Additional analysis of the original ArXiv paper
📋 Original Paper Title and Abstract
AWE: Adaptive Agents for Dynamic Web Penetration Testing
🔍 ShortSpan Analysis of the Paper
Problem
The paper studies autonomous black-box web penetration testing in the context of rapidly evolving web development practices and AI-assisted deployment. Traditional signature-driven scanners struggle with novel sanitisation and application-specific contexts, while recent LLM-driven autonomous testers tend to explore unconstrainedly, producing high cost, unstable behaviour and poor reproducibility. This gap creates a need for systems that can reason about contextual input handling, maintain state across probes and produce verified, exploit-driven findings.
Approach
The authors present AWE, a memory-augmented multi-agent framework that embeds vulnerability-specific analysis pipelines inside a lightweight LLM orchestration layer. AWE has three layers: an Orchestration Layer that maintains a global exploitation context and controls resource budgets; a Specialized Agents Layer with dedicated pipelines for classes such as XSS, SQL injection, SSTI, command injection and IDOR; and a Foundation Layer providing persistent memory, hybrid payload generation, browser-backed verification and endpoint discovery. The LLM acts primarily as an adviser for plan selection and payload synthesis, while agents implement deterministic, evidence-driven procedures. Evaluation used the 104-challenge XBOW benchmark and controlled DVWA experiments, comparing AWE (using Claude Sonnet 4) to a state-of-the-art general-purpose system, MAPTA (using a more capable model and sandbox execution).
Key Findings
- AWE substantially improves success on targeted injection classes: reported XSS success of 87% (a 30.5 percentage point improvement over MAPTA on the same set) and blind SQL injection success of 66.7% (a 33.3 percentage point improvement).

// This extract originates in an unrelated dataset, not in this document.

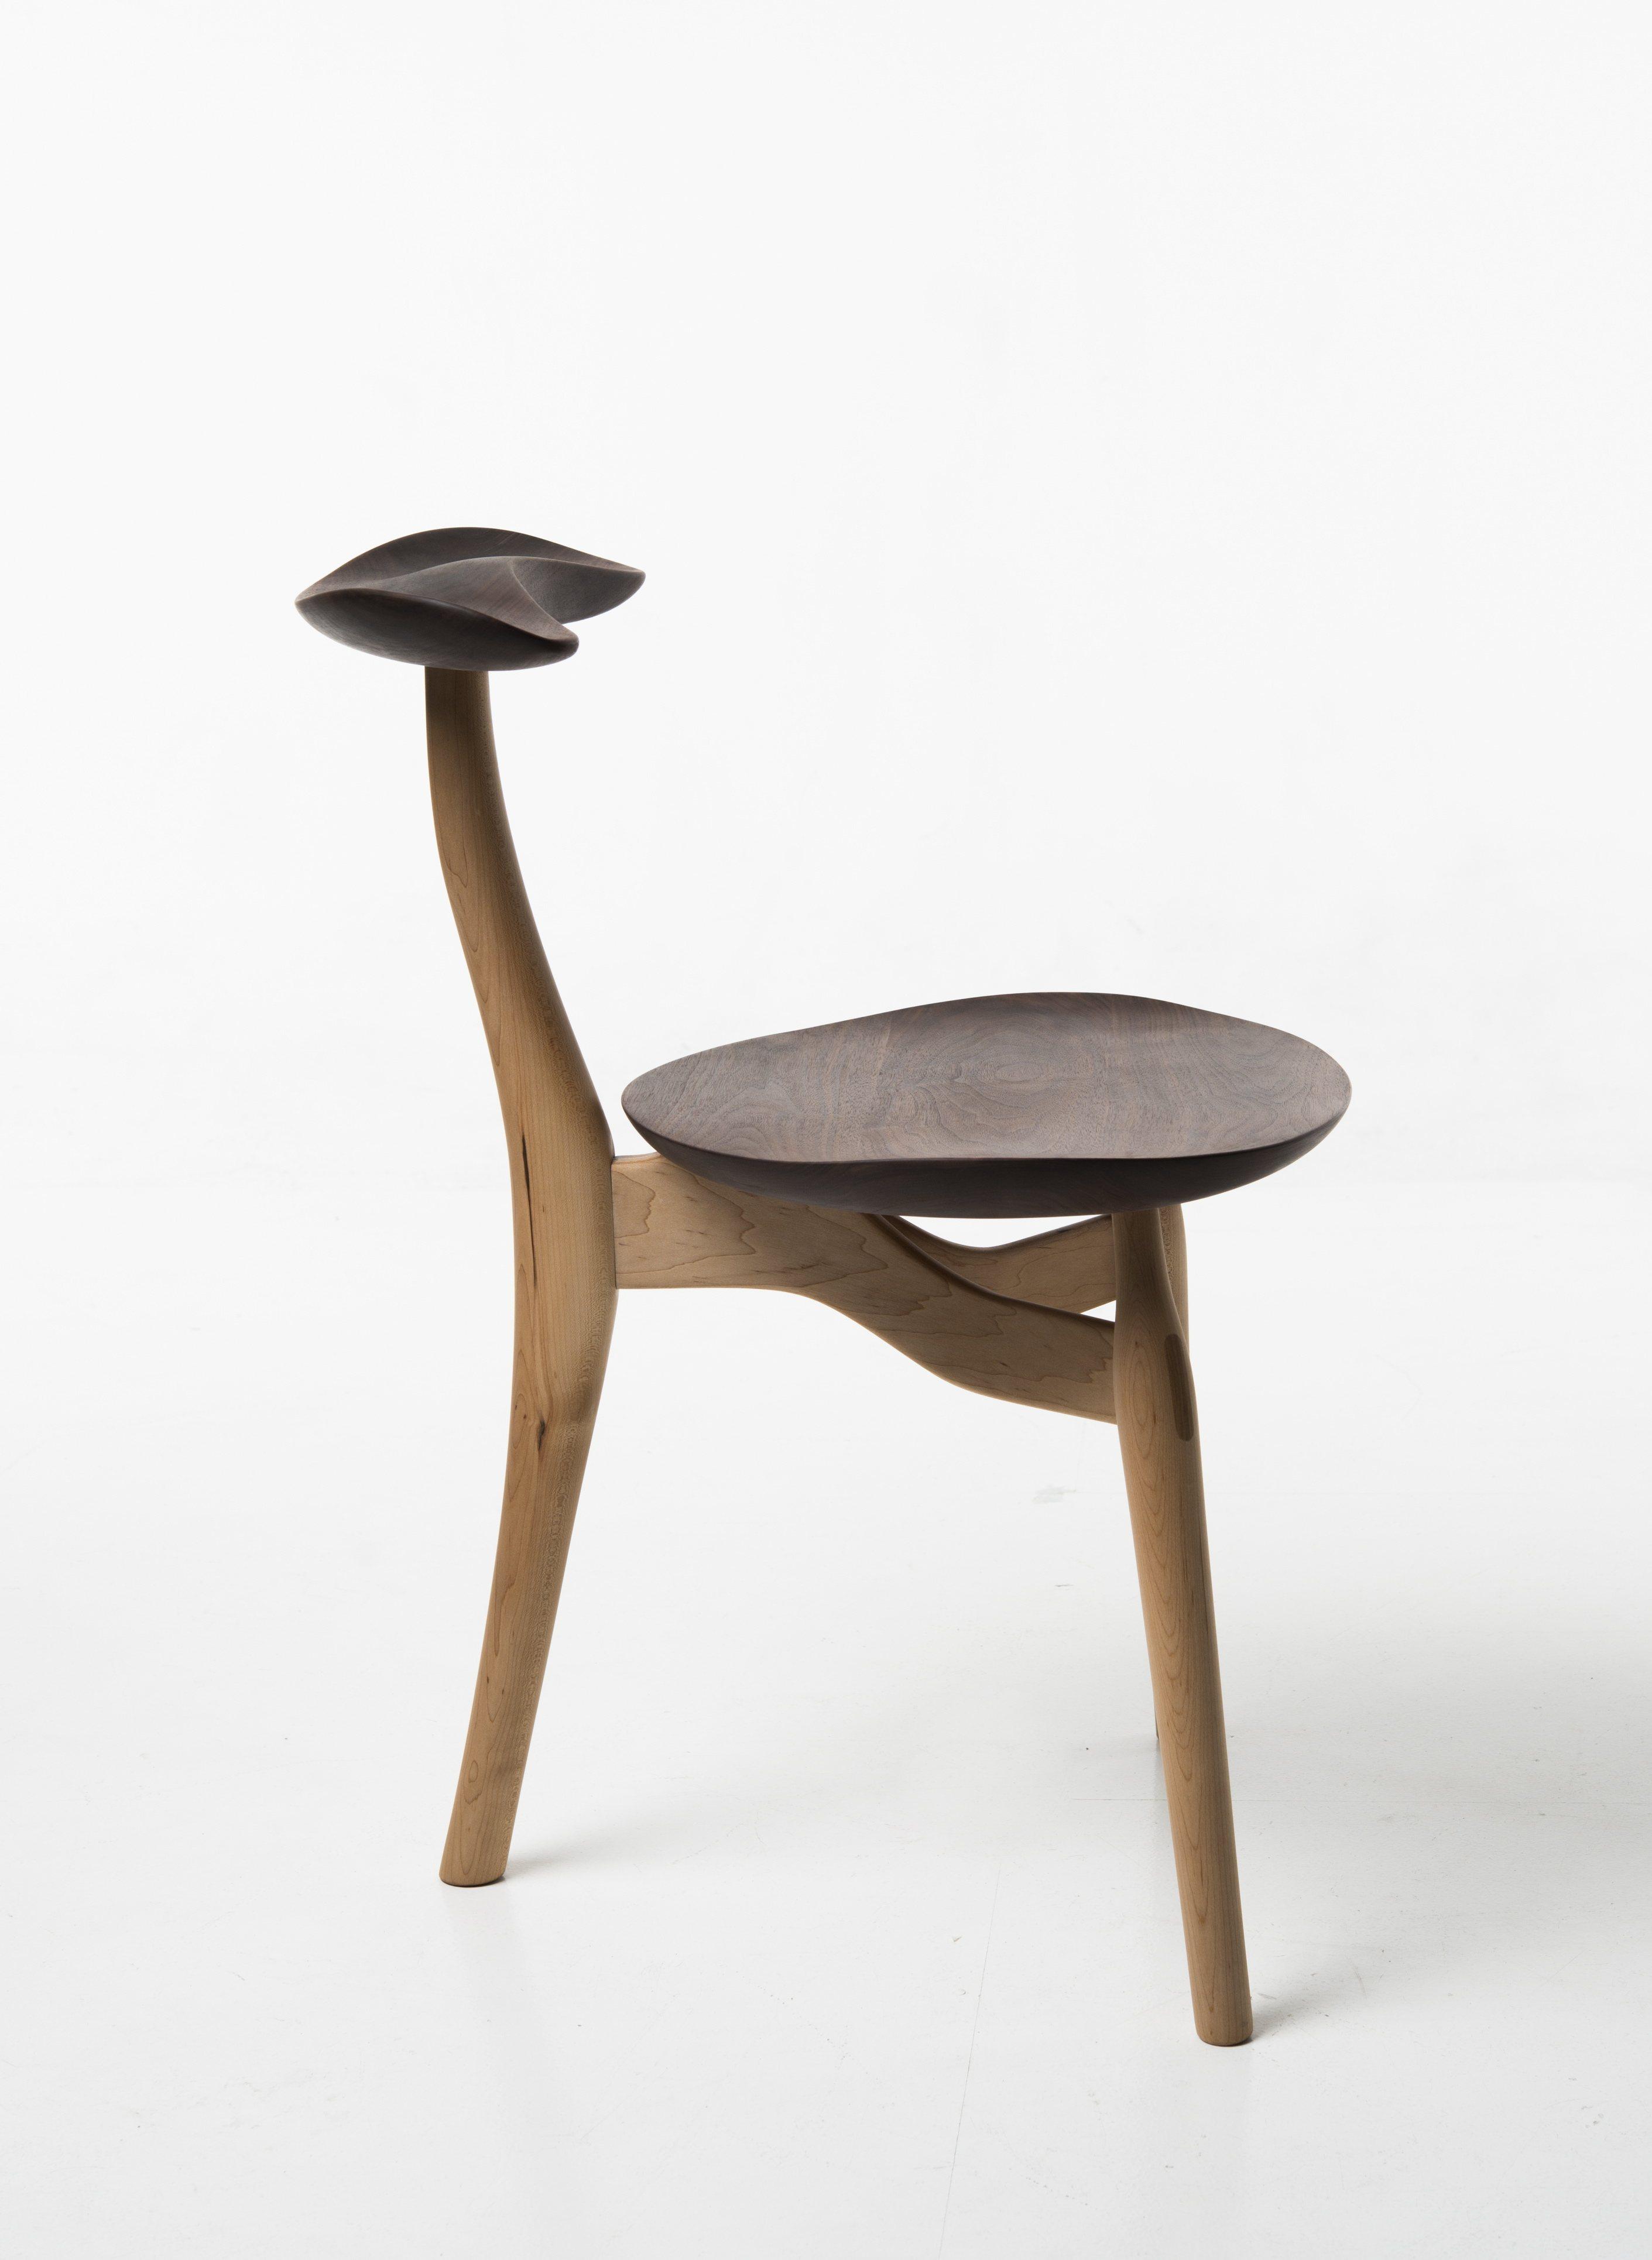 wooden chairs trialog wooden chair UUTVNKX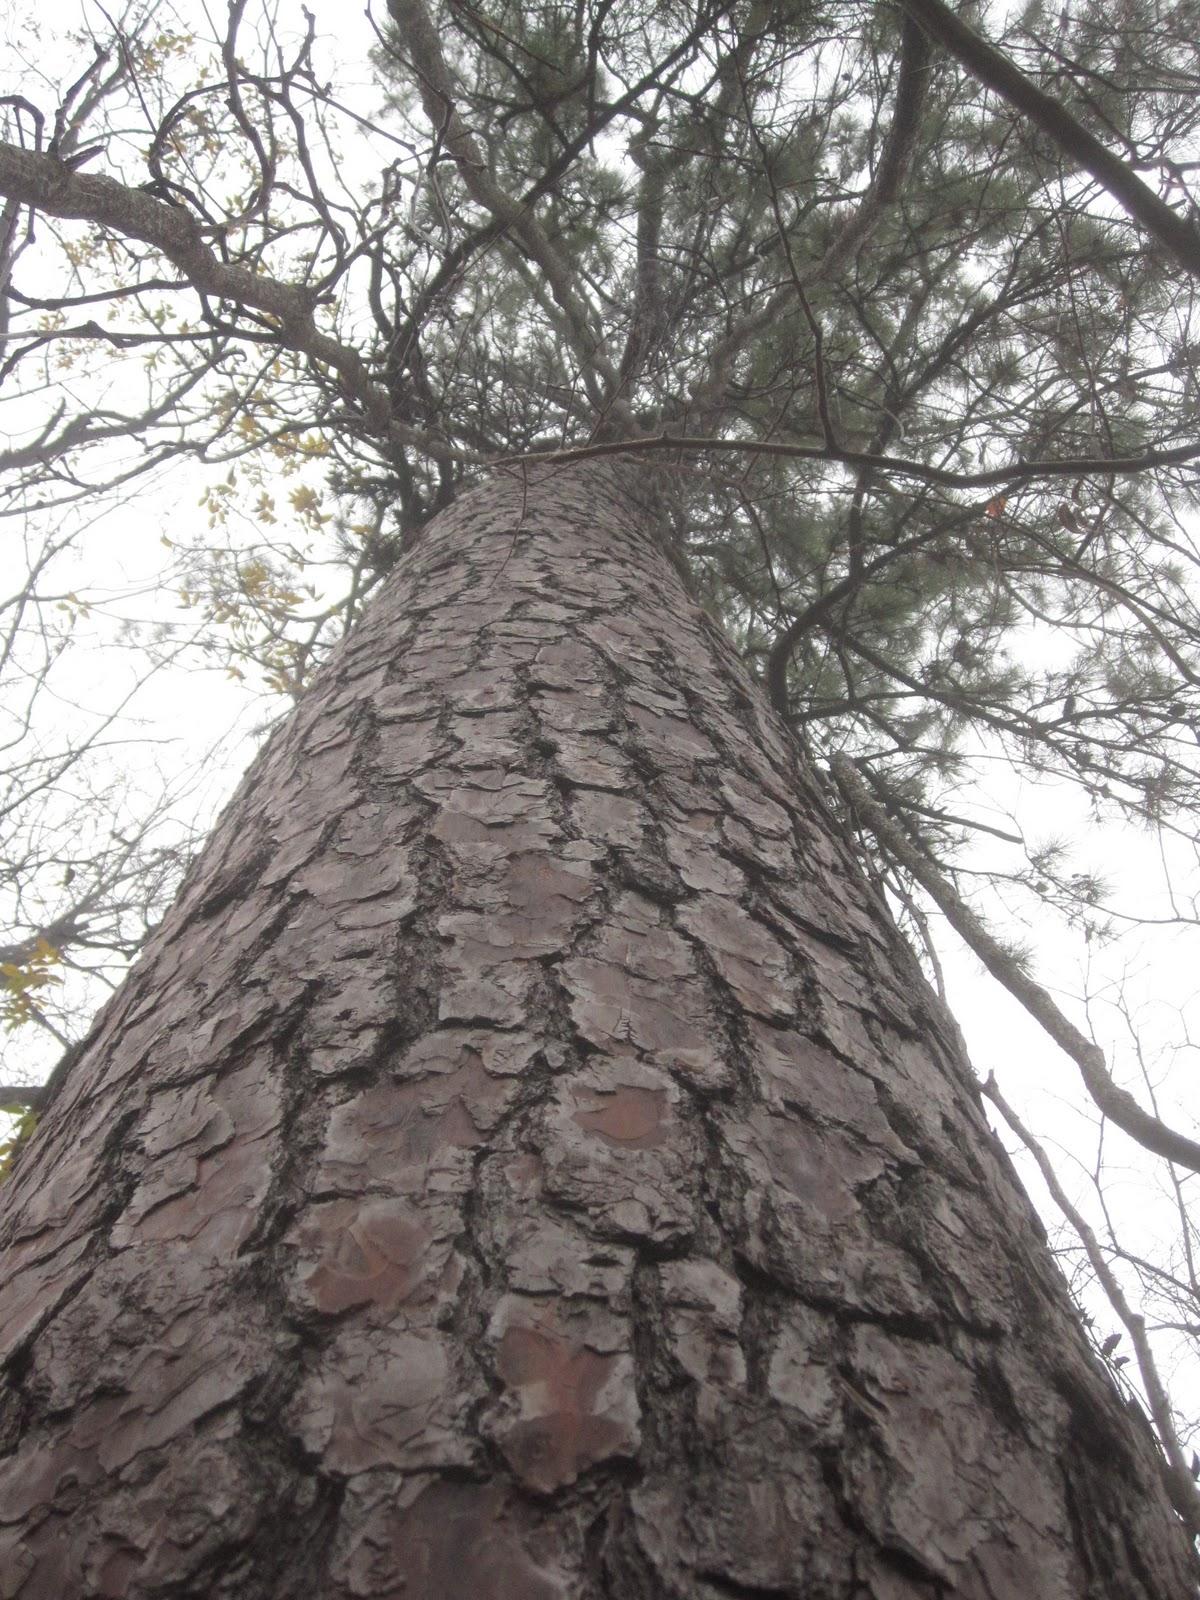 Tropical Texana: A TRIBUTE TO 500 MILLION TEXAS TREES

- AWE trades breadth for efficiency: overall solve rate on XBOW was 51.9% versus MAPTA's 76.9%, but AWE was much faster and cheaper—average solve time 53.1 seconds versus 190.8 seconds for MAPTA, median solve time 35.7 seconds versus 156.2 seconds, and total token consumption 1.12M versus 54.9M (approximately 98% fewer tokens).
- Operational cost and iteration efficiency improved: API cost was reported as $7.73 for AWE versus $21.38 for MAPTA (around 63% lower cost), and the underlying model (Claude Sonnet 4) required fewer payload iterations to converge (10–40 attempts) than alternatives tested.
- Specialisation yields complementary strengths: AWE excels at context-sensitive, deterministic exploitation that benefits from persistent memory and browser verification, while MAPTA performs better on broad, multi-step or semantic reasoning tasks that require long-horizon planning and sandboxed code execution.
Limitations
AWE focuses on injection-centric, black-box vulnerabilities and does not target protocol-level, cryptographic or many business-logic flaws. Its agents do not yet coordinate long multi-stage attack chains, and its context and filter models rely on heuristic abstractions that may fail for highly idiosyncratic frameworks. Performance is also sensitive to the chosen LLM; model behaviour and pricing changes could affect effectiveness.
Why It Matters
The paper shows that architectural design, persistent memory and vulnerability-aware pipelines can matter as much as raw LLM capability for practical automated exploitation. AWE’s efficiency and determinism make it attractive for high-frequency or continuous security testing, while demonstrating that specialised agent pipelines can out-perform larger models on targeted tasks. The complementary strengths of specialised and general-purpose systems suggest hybrid designs for broad, dependable autonomous testing. The authors also note security considerations: such tooling can enhance red-team automation but must be evaluated with safety controls and auditability since it could be repurposed for offensive use.